Almost every city in the bottom 20 of the 2026 ranking, including Rome, Athens, São Paulo, Amman, and Nairobi, has a higher average technology score than structures score, but didn’t change its smart city ranking of 136, equivalent to a C rating for this year and last year.

It records a trust score of 0.760 and an anti-corruption score of just 0.132, the second lowest in the dataset.

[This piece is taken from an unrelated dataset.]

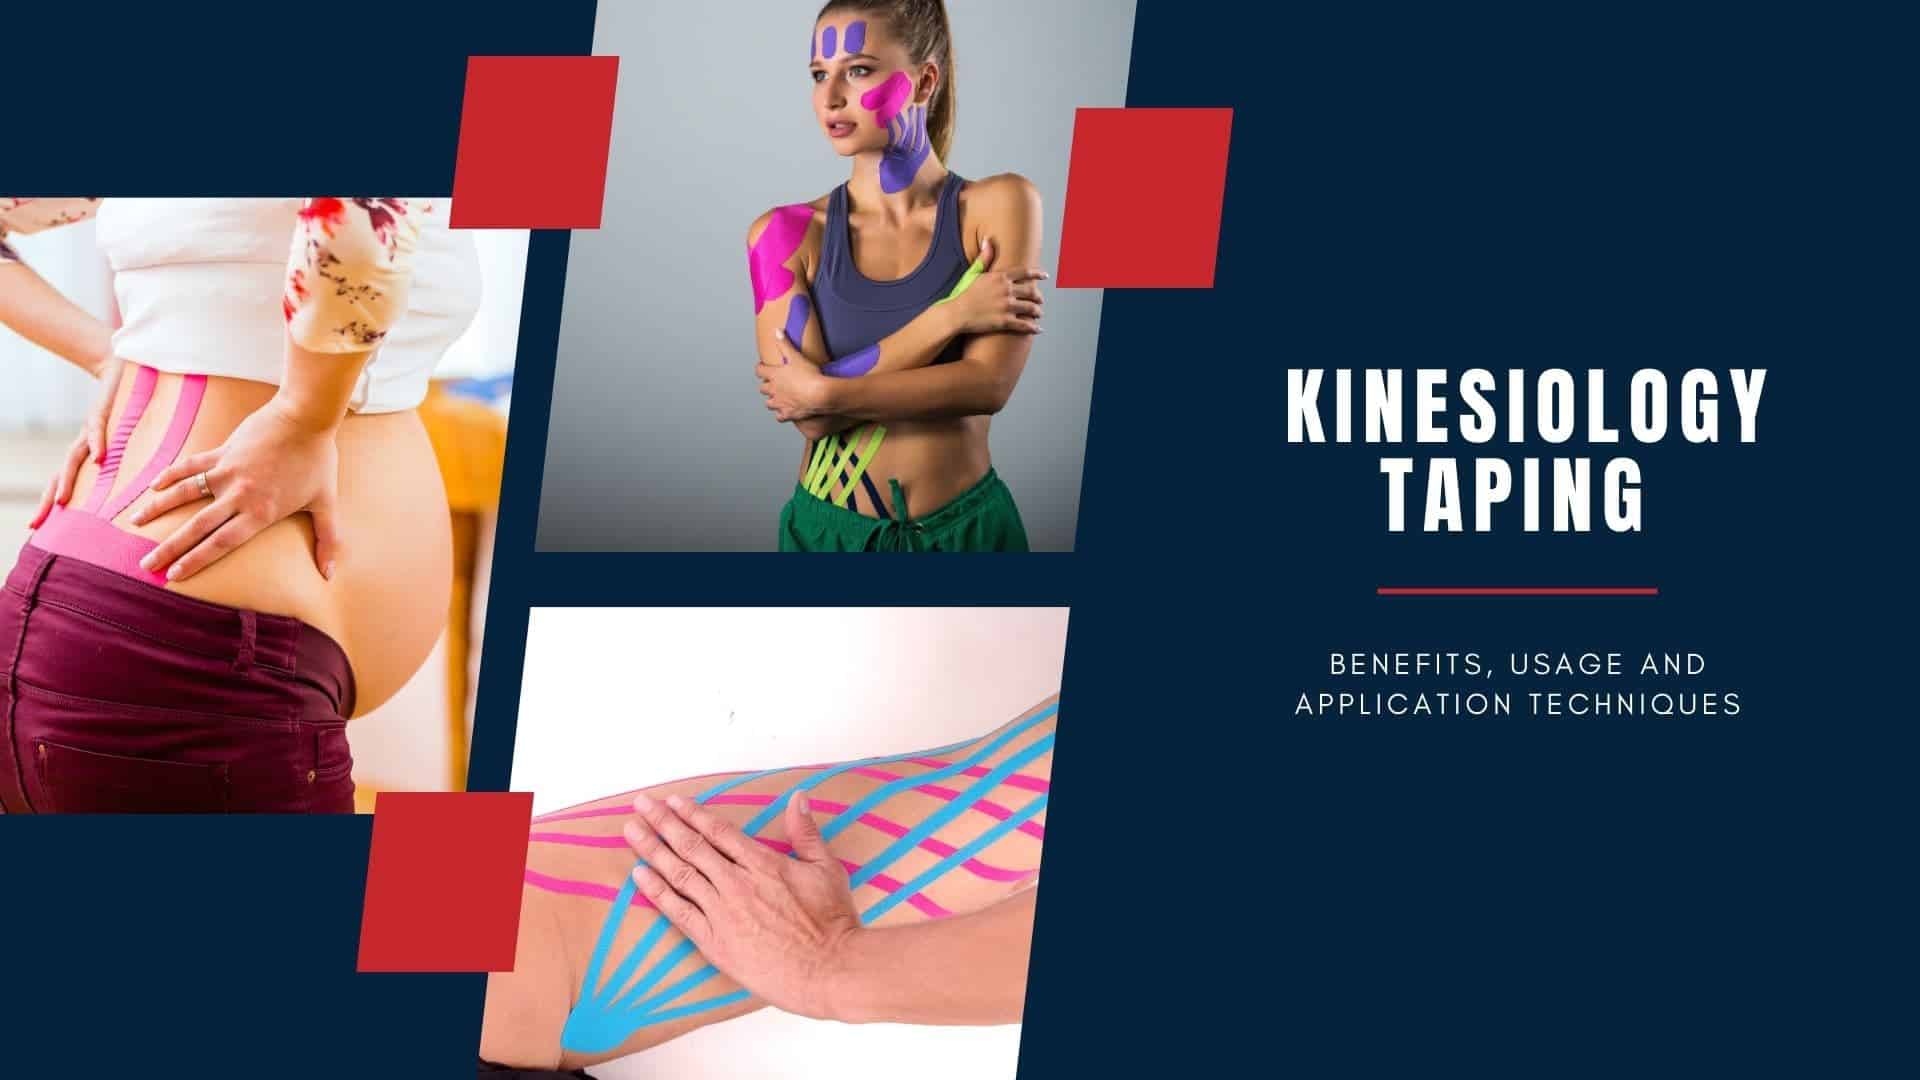 Kinesiology Taping Benefits, Usage and Application Techniques

This, the report says, does not mean that governance quality is irrelevant, but that trust is context-dependent and multi-layered.

The reverse is true of the top cities: Zurich, Oslo, Geneva, and Copenhagen all lead on institutions, infrastructure, and structures-related indicators, with technology-related indicators performing less strongly.

The data also shows that cities can be affluent and technologically connected while remaining untrustworthy. 

The 2026 Smart City Index reveals that a circular logic at the heart of urban intelligence: trust enables investments in institutions, infrastructure, and public services that improve quality of life.

“When this improved quality of life is delivered transparently and equitably, trust is naturally reinforced,” said the Index.

Athens, ranked 139th, and Rome, 143rd, both record anti-corruption scores below 0.25 and citizen participation scores lower than many Sub-Saharan African cities.

A unique feature of IMD’s report is that it puts aside hard data to focus on the human aspect of city living, computing the answers of a survey of about 400 inhabitants per city to rank cities by their “liveability.”

To compare like with like, cities are grouped (1–4) according to their Subnational Human Development Index measure.

The WCC defines a smart city as one that strikes a good balance between its economic prowess (such as jobs and business activity), applied technology, environmental concerns, and inclusiveness to facilitate a high quality of life for its citizens.